The game, as I quickly found out, was not over. Chris Carter led the ninth with a walk. Kirk Nieuwenhuis then also walked on five pitches. With runners on second and first with no one out, the Brewers showed some signs of life. But, Colin Walsh and Jonathan Lucroy both struck out looking dwindling the Brewers chances of making a comeback. The red-hot Aaron Hill, however, also worked a pinch-hit walk, loading the bases and chasing Ramos out of the game.
Jon Mattingly brought in reliever Bryan Morris to get the final out of the game and the save. The interesting part is that Morris had never gotten a save in his major league career. Domingo Santana was then brought in as a pinch hitter. It was his first bit of action since his shoulder started bothering him. Santana though didn’t have to swing the bat, in fact, he didn’t.

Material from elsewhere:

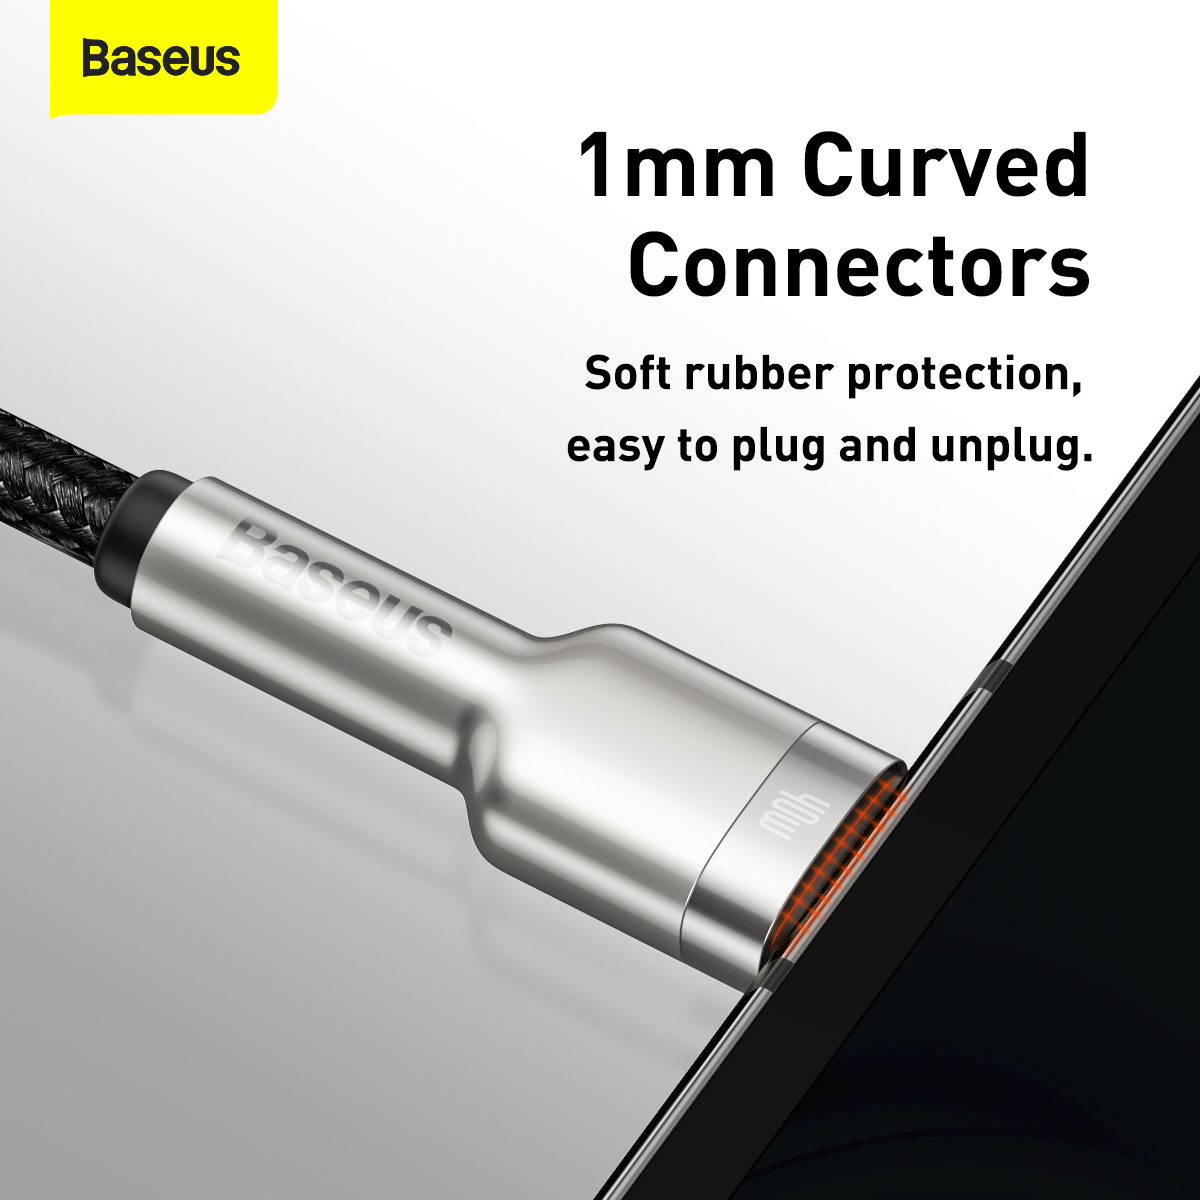 Baseus Cafule USB till USB-C datakabel, 40W, 5A, 1m, svart

He took the first strike looking and then took four straight balls, walking and driving in the Brewers first run of the game. At this point, six players came to the plate in the inning and none of them put the ball in play.
Jonathan Villar was the next batter. He took the first ball and strike and swung and missed at the second one. The count was 1-2, the Brewers were facing their final strike of the game and Villar couldn’t do anything with the last pitch but swing and miss, ending the game.
The Brewers are in action again tomorrow. Zach Davis who has gotten off to a very slow start, with a 6.98 ERA will look to turn things around tomorrow against the Marlins.
The Brewers will be facing Adam Conley, who lest we forget, only two starts ago carried a no-hitter into the seventh inning, and one controversially taken out of the game with only one out left in the frame. The Brewers will need to have more success this time if they want to have a chance to win.